» Data extract
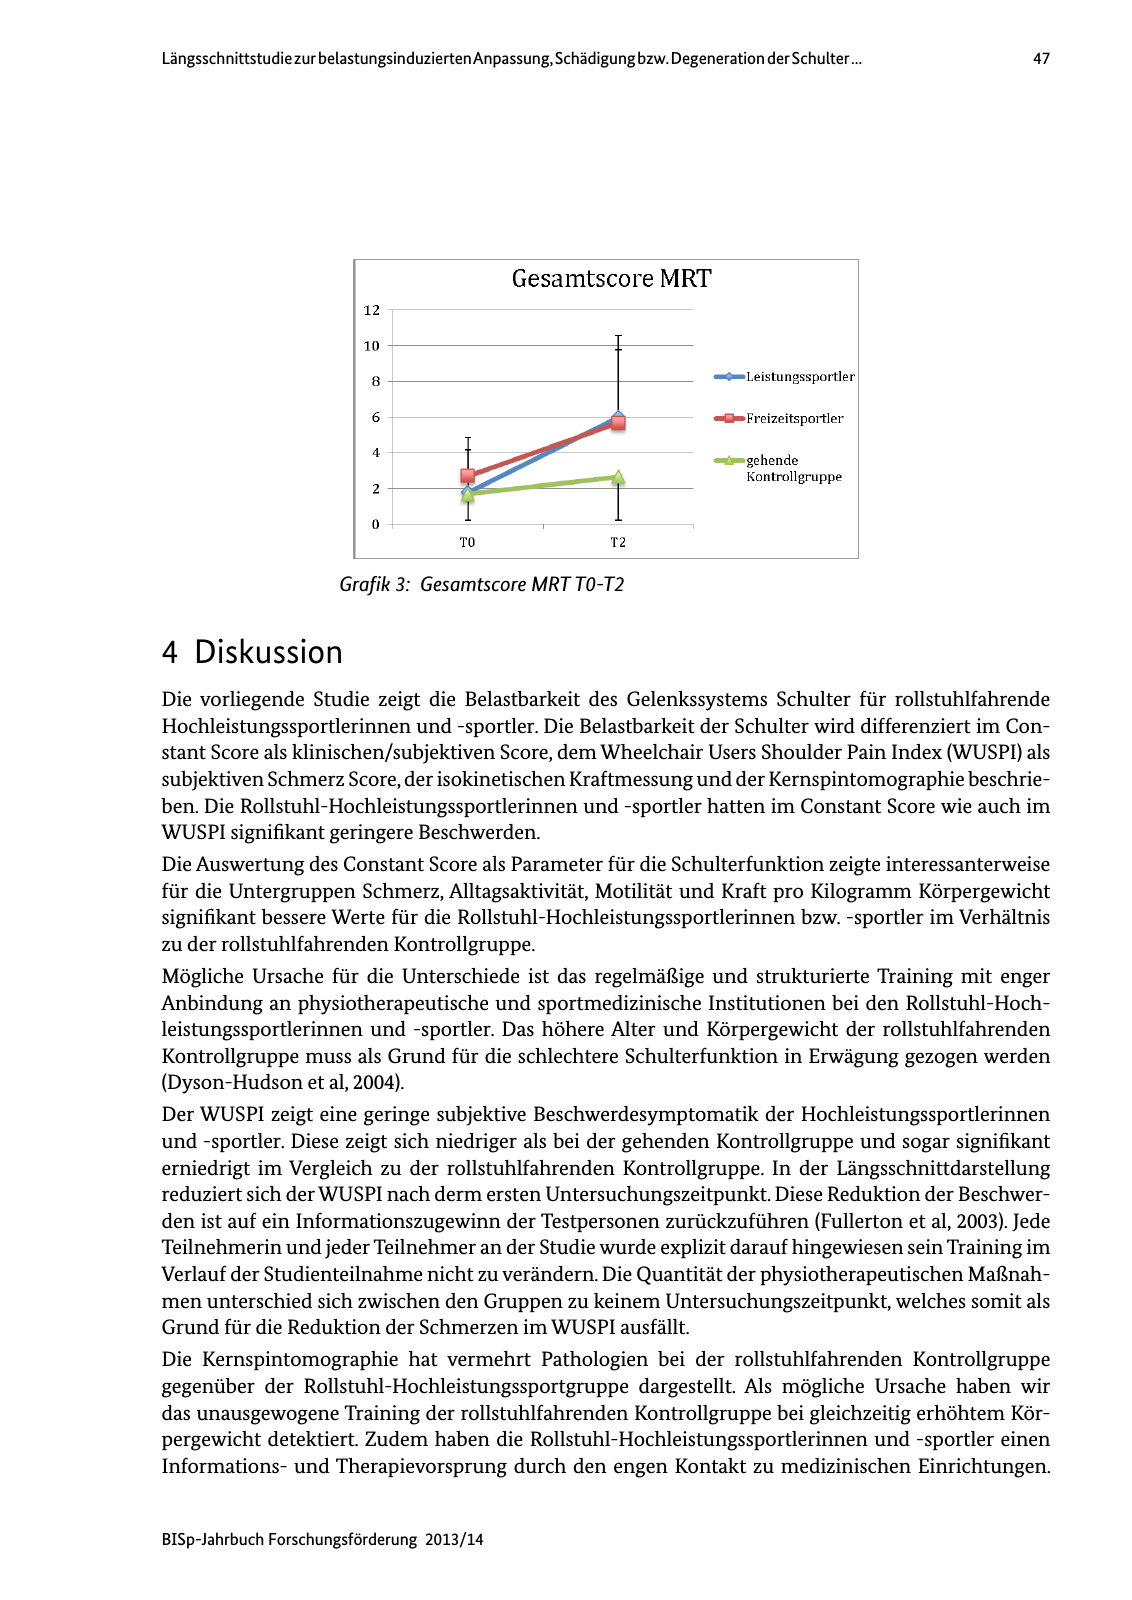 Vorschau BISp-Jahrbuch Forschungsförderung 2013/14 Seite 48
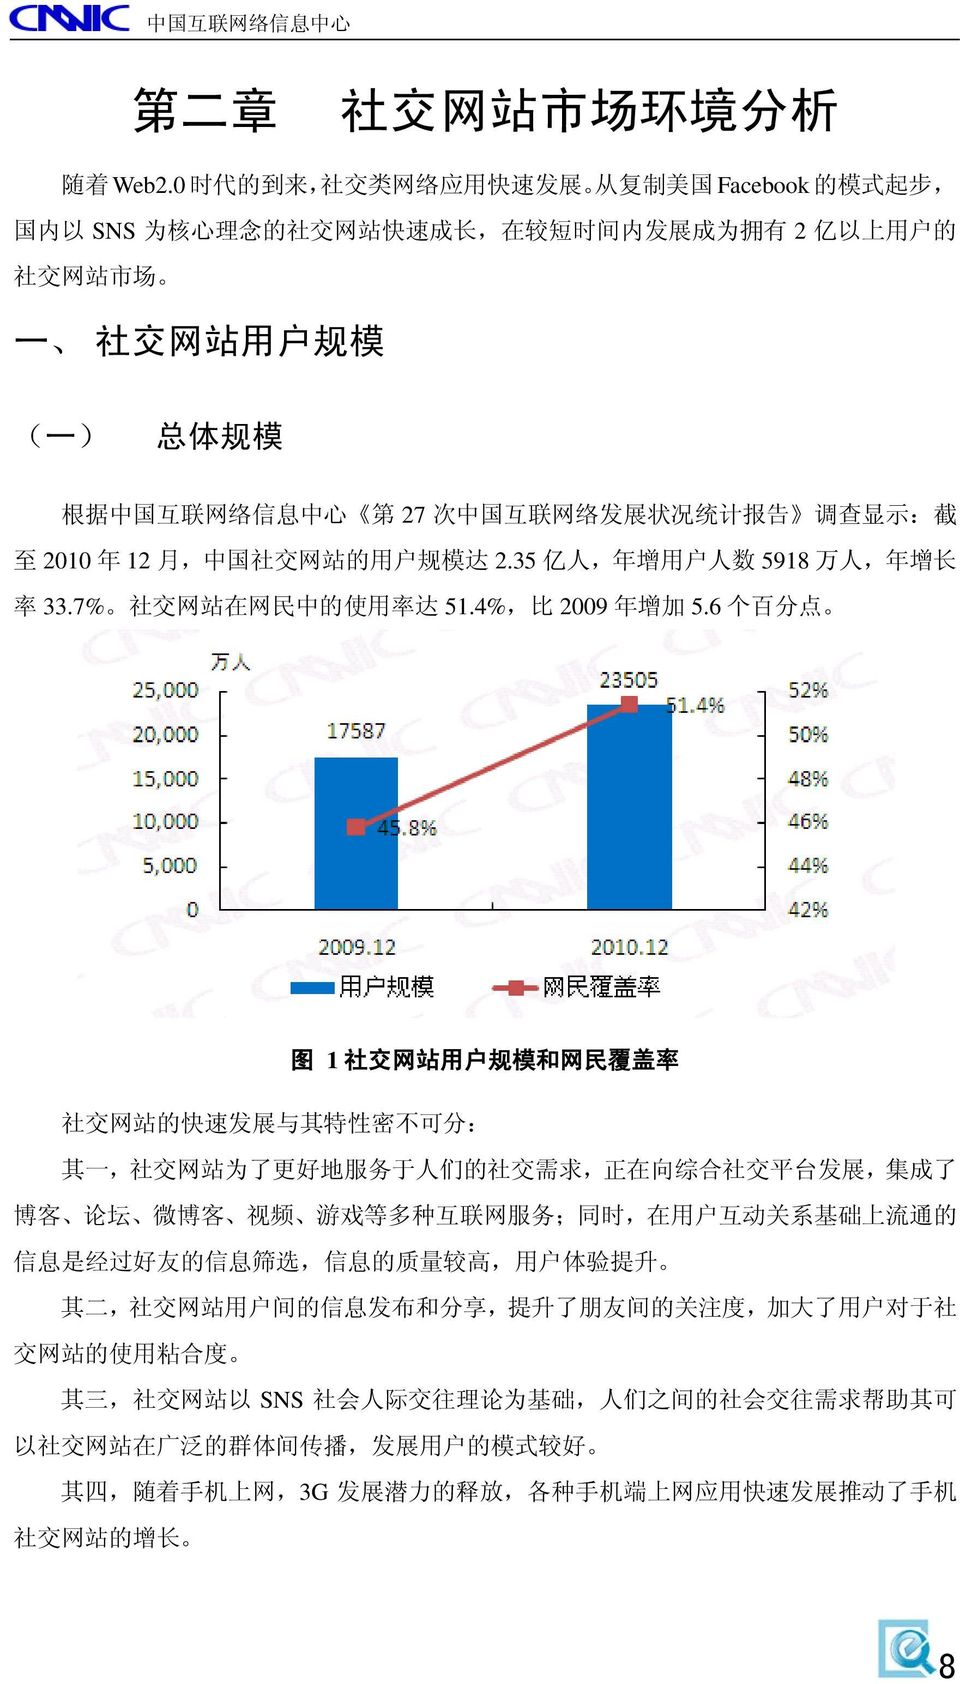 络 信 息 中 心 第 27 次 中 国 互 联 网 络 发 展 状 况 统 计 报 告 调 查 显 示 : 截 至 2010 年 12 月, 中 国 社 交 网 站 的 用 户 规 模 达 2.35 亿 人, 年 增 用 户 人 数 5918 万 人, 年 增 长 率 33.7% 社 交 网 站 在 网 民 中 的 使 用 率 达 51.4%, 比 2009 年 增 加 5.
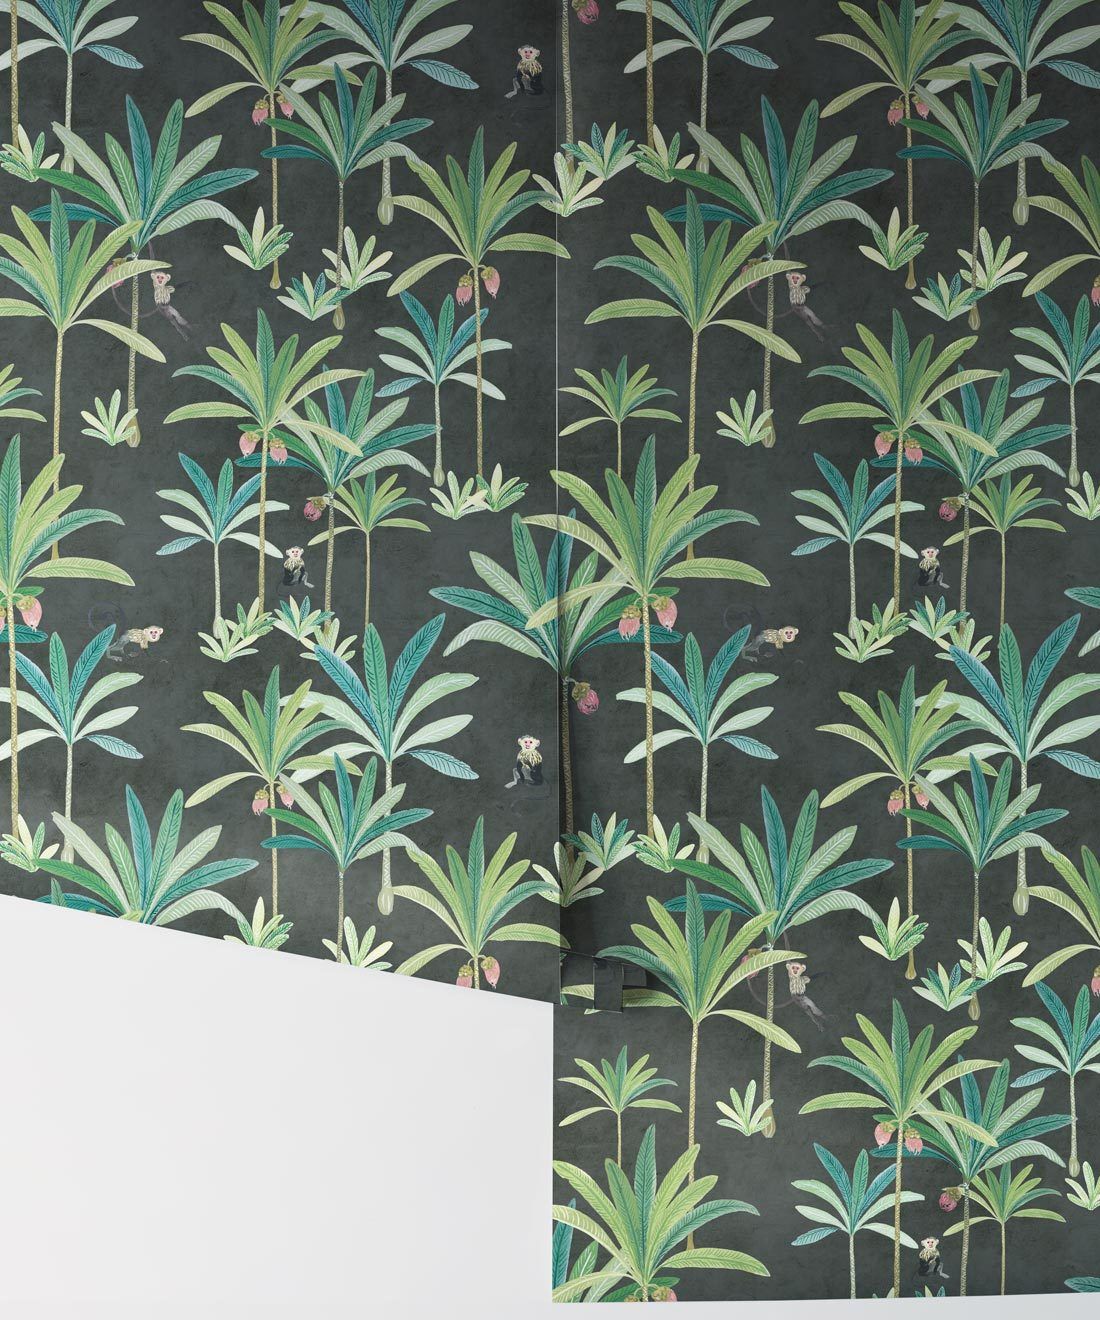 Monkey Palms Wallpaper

» Task description
Precisely the lines from the one containing "络 信 息 中 心 第" to the end of the data above, both included, should be printed; leave the pictures out.

» Task answer
 络 信 息 中 心 第 27 次 中 国 互 联 网 络 发 展 状 况 统 计 报 告 调 查 显 示 : 截 至 2010 年 12 月, 中 国 社 交 网 站 的 用 户 规 模 达 2.35 亿 人, 年 增 用 户 人 数 5918 万 人, 年 增 长 率 33.7% 社 交 网 站 在 网 民 中 的 使 用 率 达 51.4%, 比 2009 年 增 加 5.
 Monkey Palms Wallpaper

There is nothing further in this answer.